Swap ratio and consideration structure
The scheme outlines a share swap arrangement between the two listed entities. The swap ratio has been set at 10 equity shares of JSW Energy for every 139 equity shares held in GE Power India. This ratio is the core economic term that GE Power India shareholders will evaluate when deciding whether to approve the scheme.
The transaction is structured as a scheme under Sections 230 to 232, meaning it requires approvals from the relevant classes of shareholders and creditors and subsequent sanction from the NCLT. The proposal has also been described as subject to other regulatory approvals, including SEBI and the stock exchanges.
Exchange observations and the regulatory pathway
JSW Energy has disclosed that it received “no adverse observations” from BSE and a “no objection” from NSE on April 1, 2026, for the scheme. The company has also stated that the scheme remains subject to other regulatory approvals and NCLT sanction before final implementation.
Separately, disclosures note that the exchange observation letters carry a validity period for filing before the NCLT, extending up to October 1, 2026. This sets an outer window for procedural steps connected to the scheme filing and processing, although the stakeholder meetings and tribunal directions govern the immediate approval sequence.
Creditors and the secured creditor exemption noted by NCLT
In the first motion order, the NCLT dispensed with the meeting of secured creditors of JSW Energy after noting that secured creditors holding 95% in value had already consented to the scheme. This is relevant because it narrows the stakeholder classes that must be convened through formal meetings, focusing the next stage on equity shareholders and unsecured creditors.

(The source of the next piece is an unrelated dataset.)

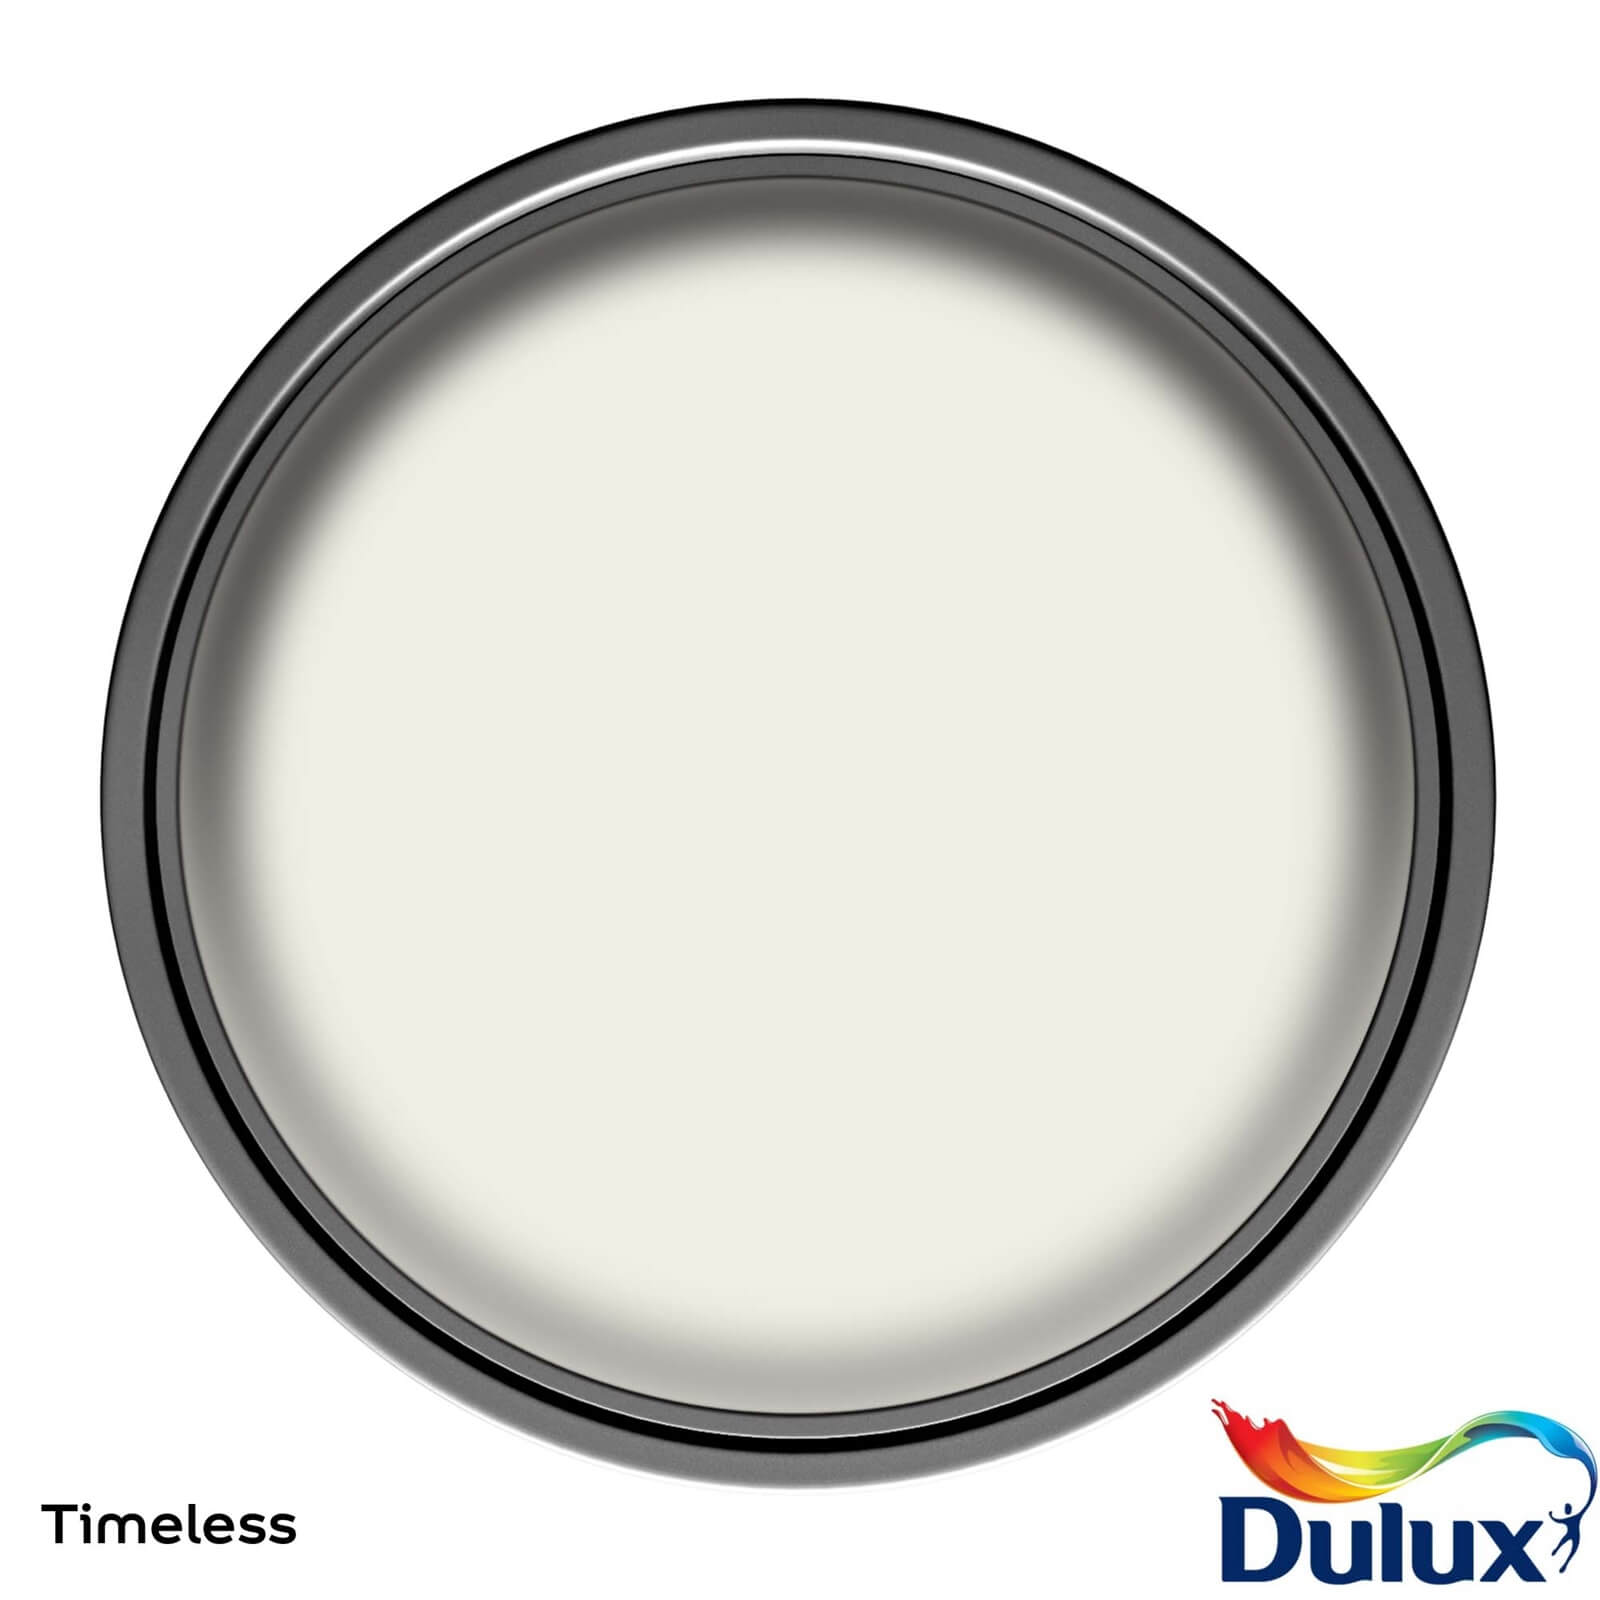 Dulux Paint Non Drip Gloss Paint Timeless - 750ml

For both companies, unsecured creditor meetings remain part of the process as directed by the tribunal. The class-wise approval requirement is a standard feature of schemes of arrangement, since the outcomes can affect stakeholder rights and the corporate structure.
Context around GE Power India disclosures
GE Power India’s broader disclosures around corporate actions include a note that the company has deposited ₹775.00 crore with Jaiprakash Power Ventures Limited as part of a court-mediated agreement in an ongoing legal dispute. This disclosure is separate from the JSW Energy scheme but forms part of the company’s publicly reported developments.

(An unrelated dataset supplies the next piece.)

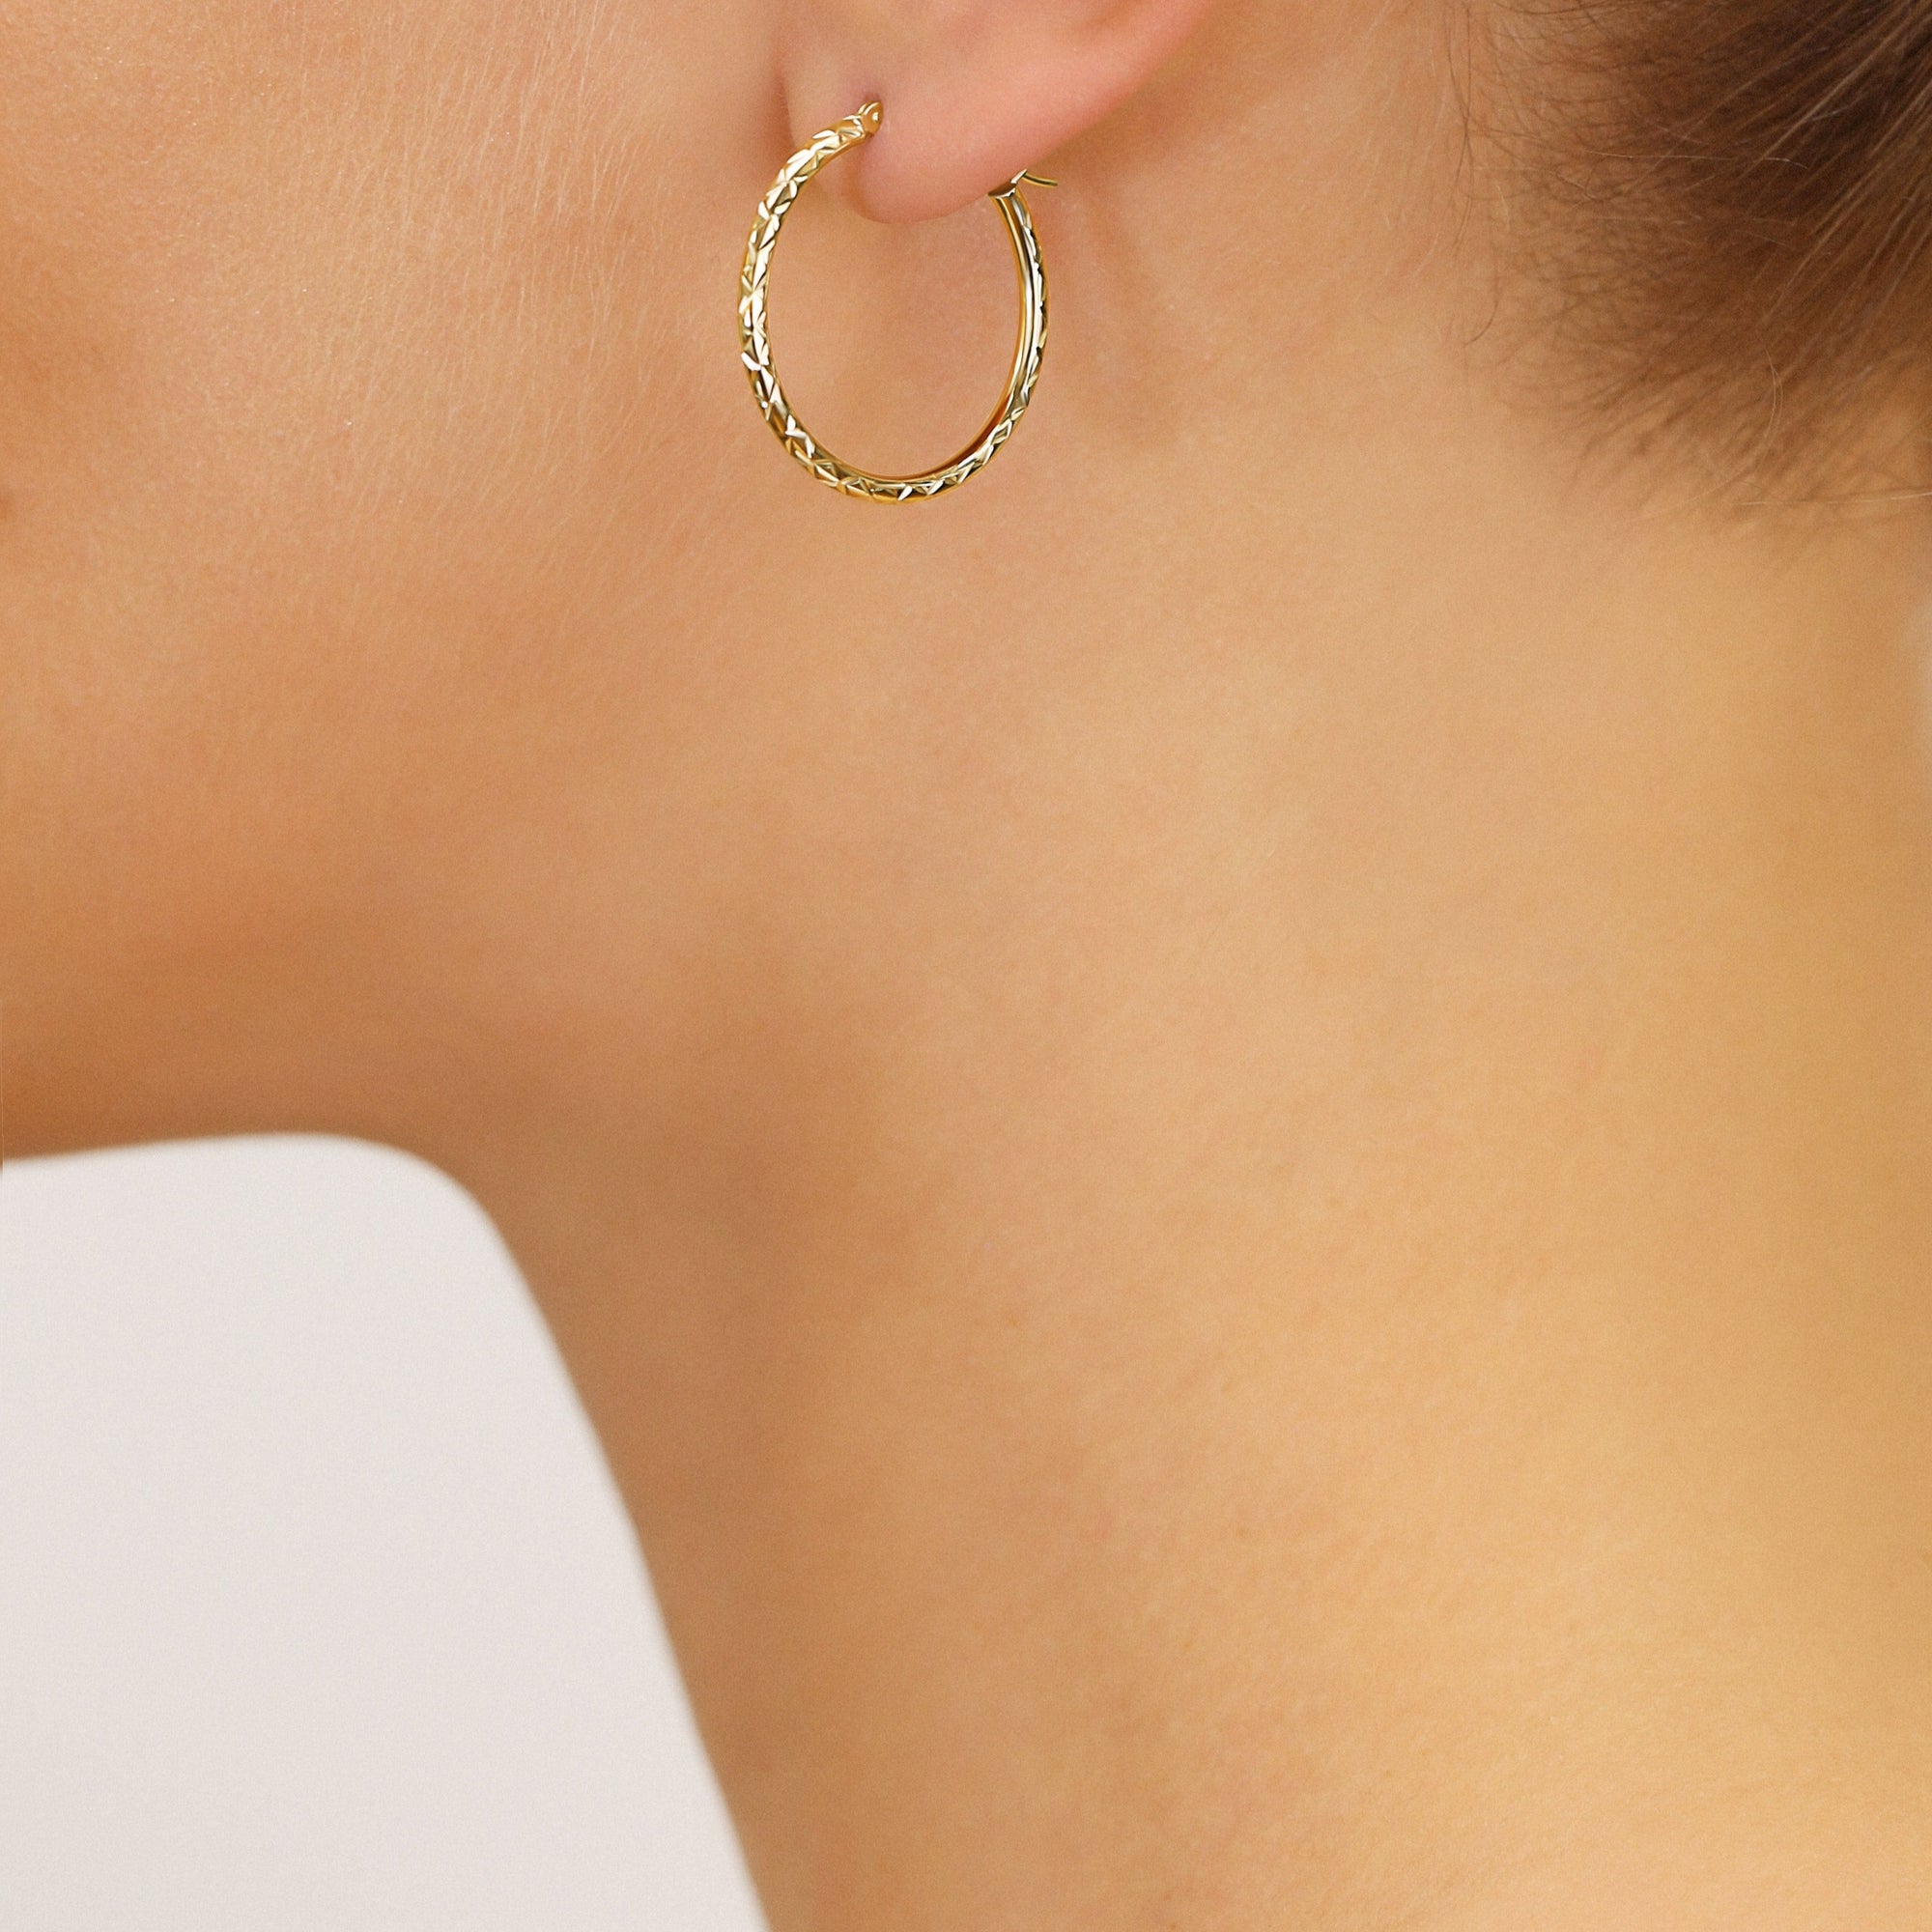 14k Gold X Pattern Diamond Cut Hoop Earrings, 1 Inch

The demerger proposal itself was approved by GE Power India’s board on September 18, 2025, as referenced in the scheme-related summary. From that point, the transaction has moved through the exchange observation stage and into the NCLT-led process for stakeholder meetings.

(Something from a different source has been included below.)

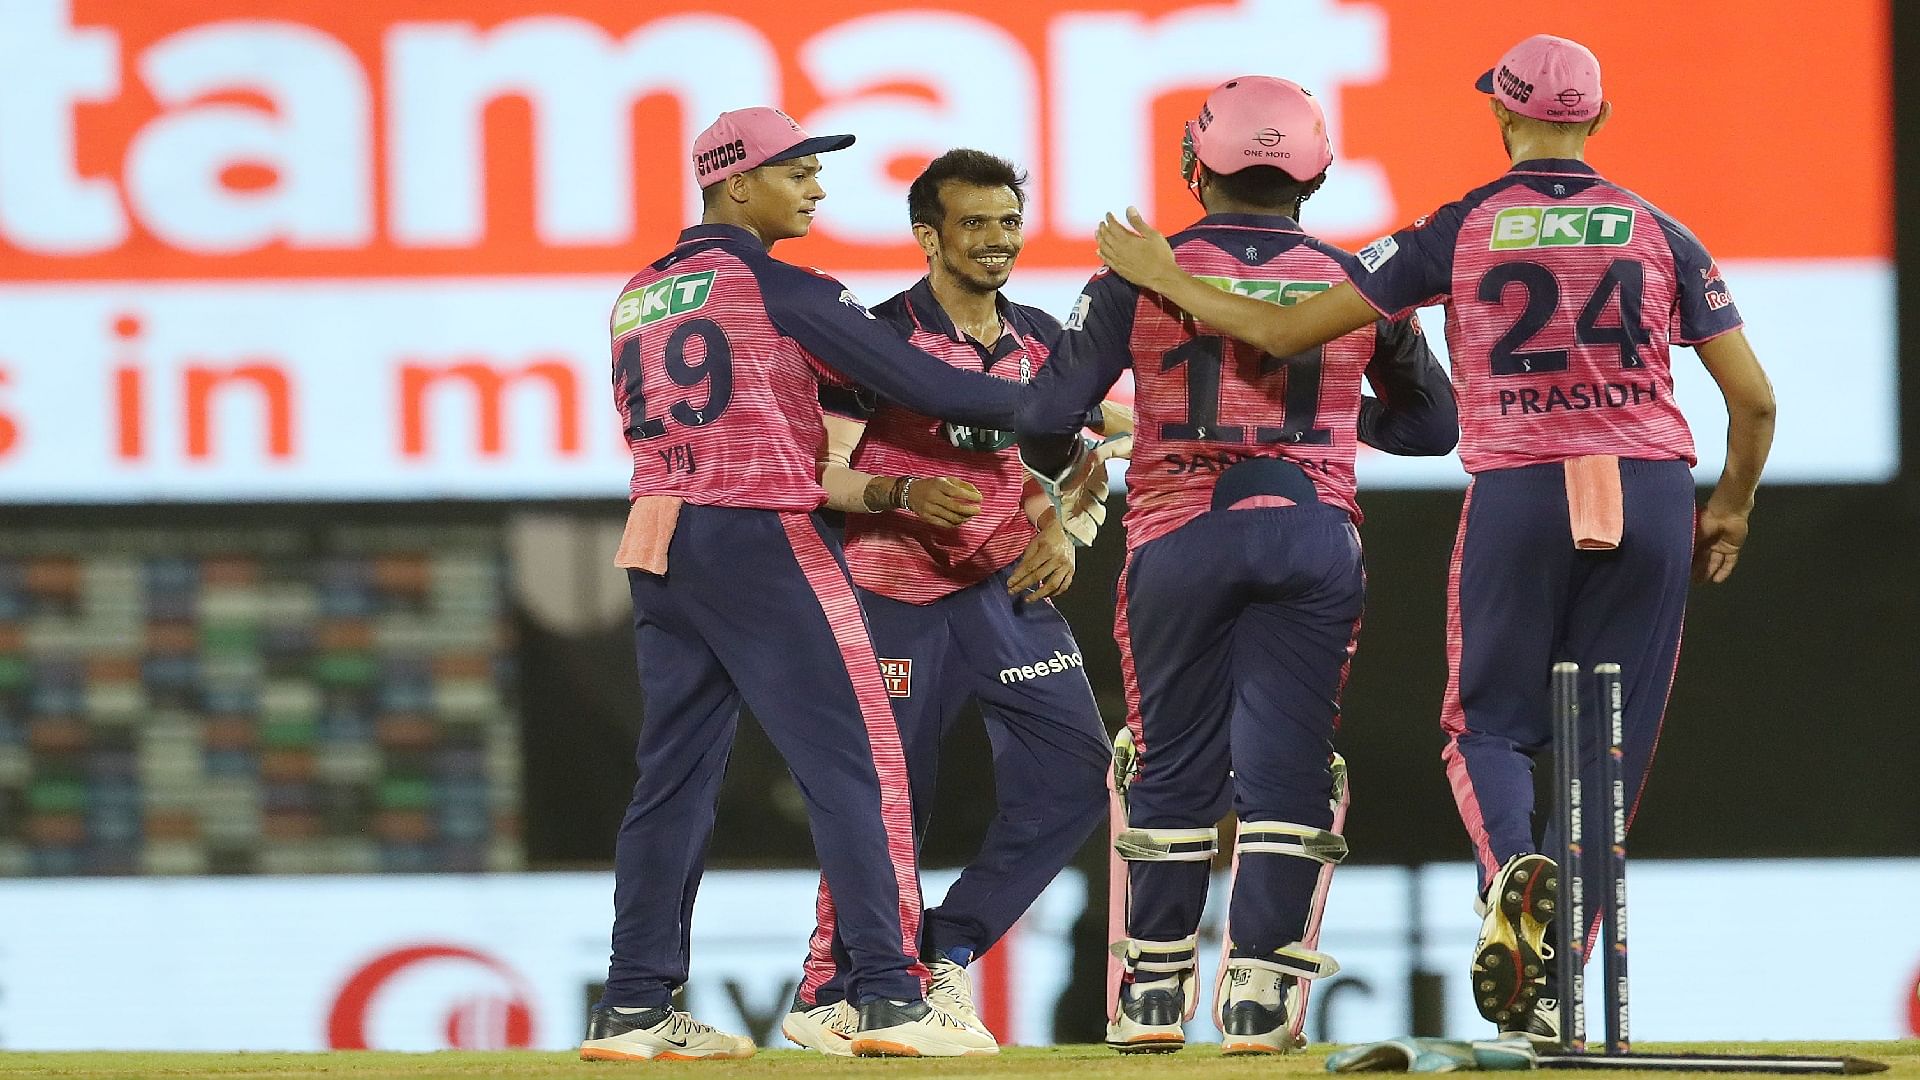 Lsg Vs Rr: लखनऊ के बल्लेबाज फिर फेल, अब राजस्थान ने हराया, रोमांचक हुई प्लेऑफ की जंग - Cricket News In Hindi

Market impact and what to watch next
At this stage, the most immediate market-relevant factor is the timeline and the set of approvals required to complete the arrangement. The meetings on July 20, 2026 are designed to secure stakeholder votes, after which the companies can proceed to the next steps, including seeking final sanction from the NCLT and completing other applicable regulatory processes.
JSW Energy has also disclosed a separate schedule of analyst and institutional investor interactions in June 2026, including the ICICI Securities India Investor Conference in Mumbai on June 9, 2026, and the Jefferies India Access Days on June 8 (New York) and June 11 (London). These events do not replace the statutory process, but they are part of the company’s broader investor communications during the period.
Conclusion
JSW Energy and GE Power India are set for an NCLT-convened vote on July 20, 2026 for a Scheme of Arrangement that demerges GE Power India’s boiler pressure parts manufacturing business into JSW Energy. The scheme includes an appointed date of July 1, 2025 and a swap ratio of 10 JSW Energy shares for every 139 GE Power India shares. The next confirmed step after the stakeholder meetings is the continuation of the regulatory approval process, including NCLT consideration for sanction, as applicable.